Keller's got a code of honor, though he'd never call it that. And he keeps the job strictly business. "What happens is you wind up thinking of each subject not as a person to be killed but as a problem to be solved. Now there are guys doing this who cope with it by making it personal. They find a reason to hate the guy they have to kill. I don't know what's a sin and what isn't, or if one person deserves to go on living and another deserves to have his life ended. Sometimes I think about stuff like that, but as far as working it all out in my mind, well, I never seem to get anywhere."
But while Keller might be a pragmatic and crack assassin, he's also prone to doubts and loneliness just like everybody else. There was a psychotherapist once. A dog. Even a woman.
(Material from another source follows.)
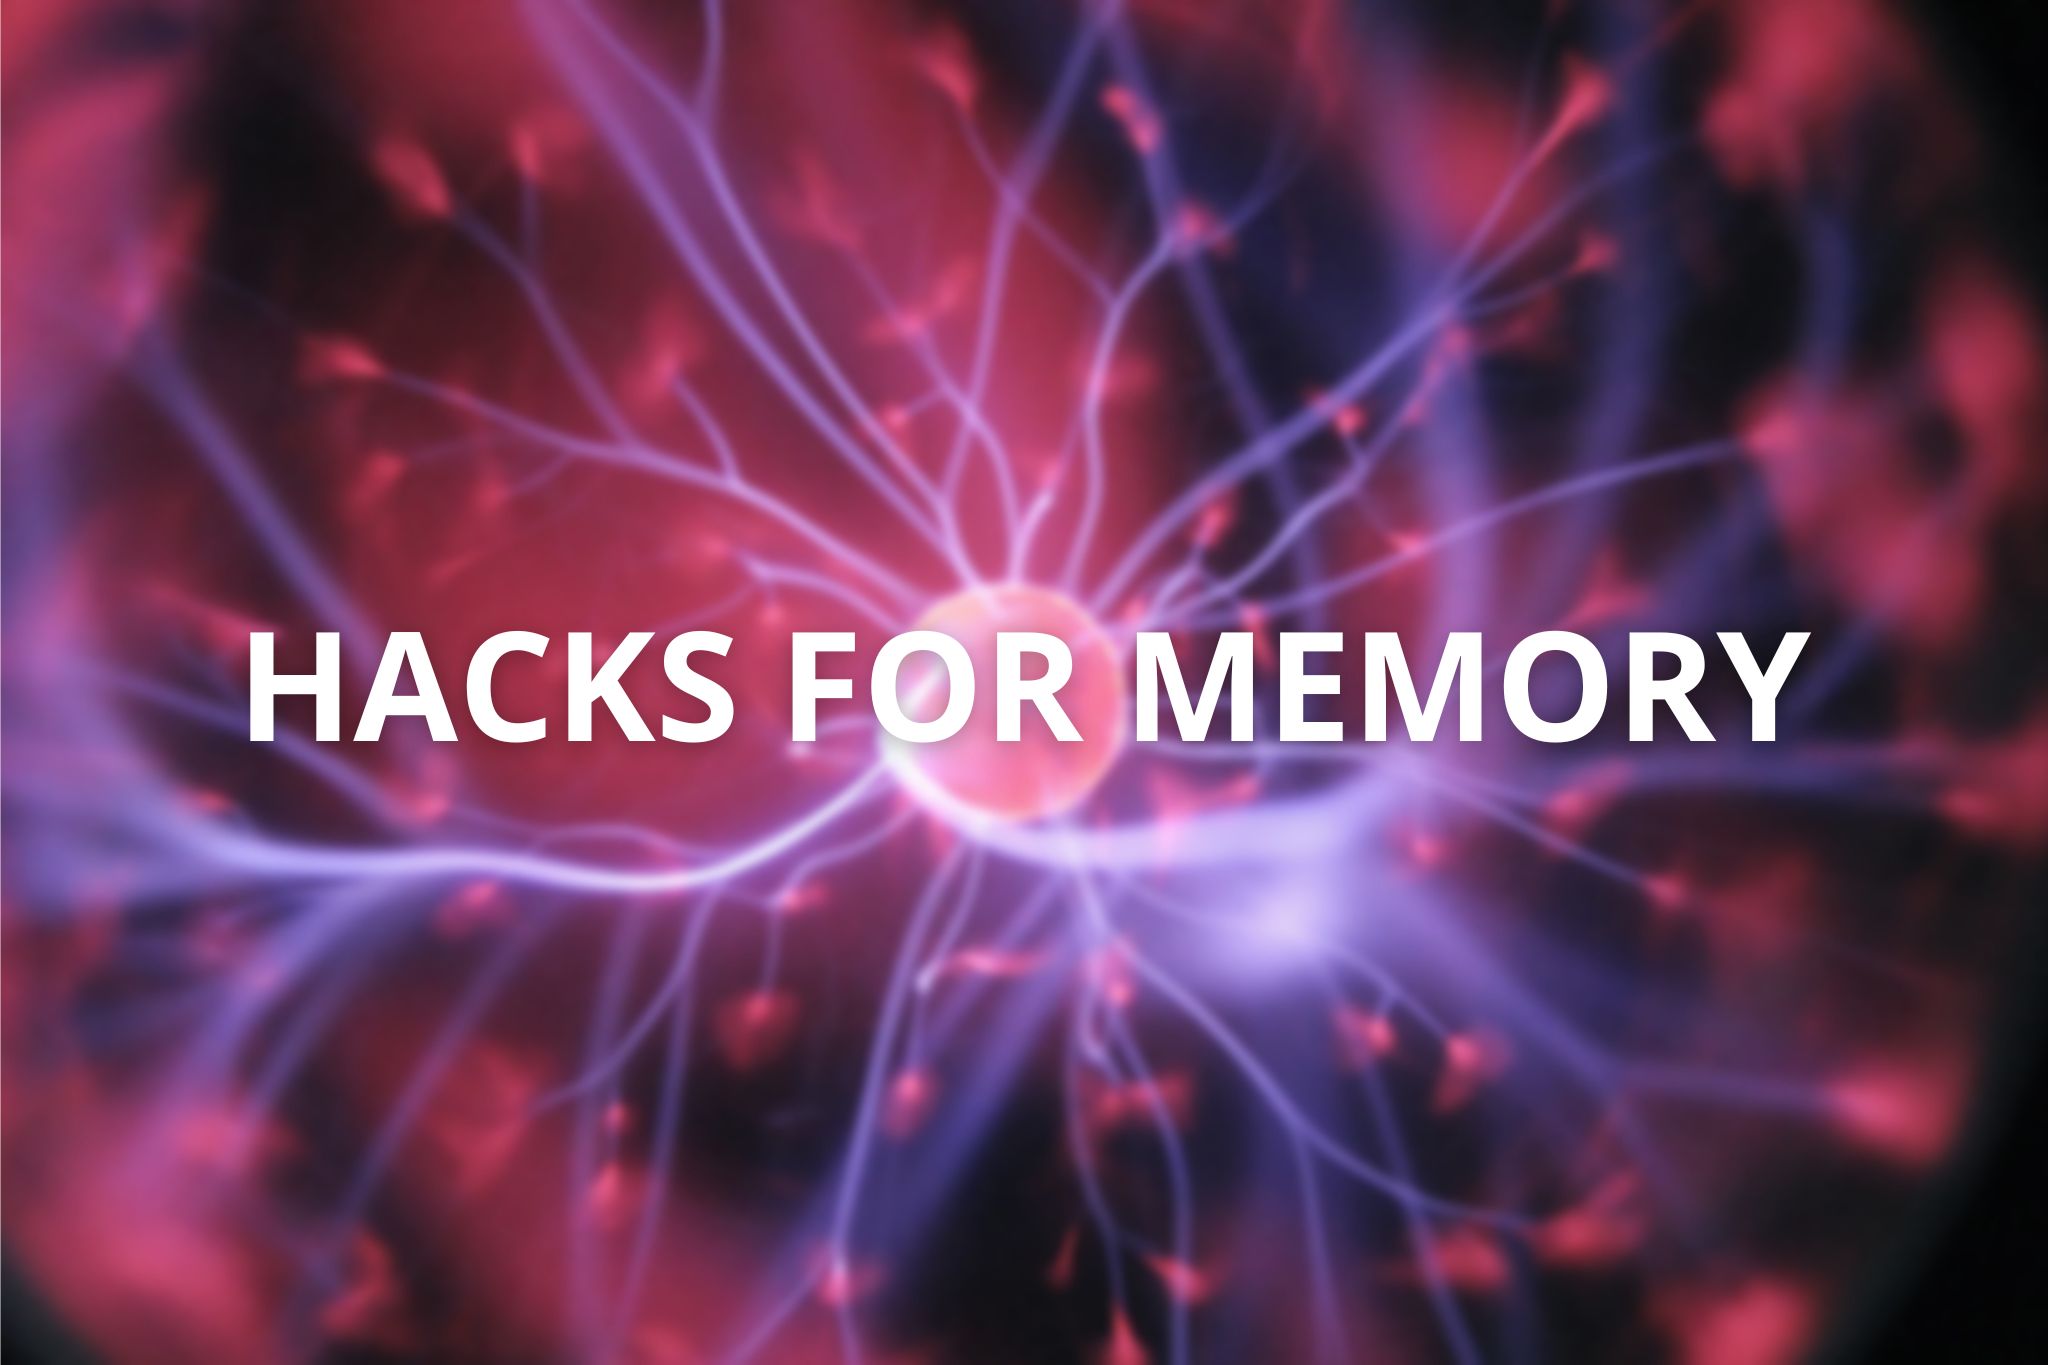 Study hacks for memory

And though he's got Dot, his wisecracking contact and sometimes confidante, and his precious stamp collection, these days, it doesn't seem to be enough.
Keller's been at this business a long while. Just maybe it's time to pack it in and find a nice little house in the desert. Only problem is, retirement takes money. And to get money, he's got to go to work…
Hit Parade, the third novel featuring the fascinating Keller, displays the hallmarks that distinguish Lawrence Block's award-winning fiction: the intelligence, the clever plotting, the humor, the tricky twists and ironic turns, the darkness and emotional complexity – and, above all else, the humanity.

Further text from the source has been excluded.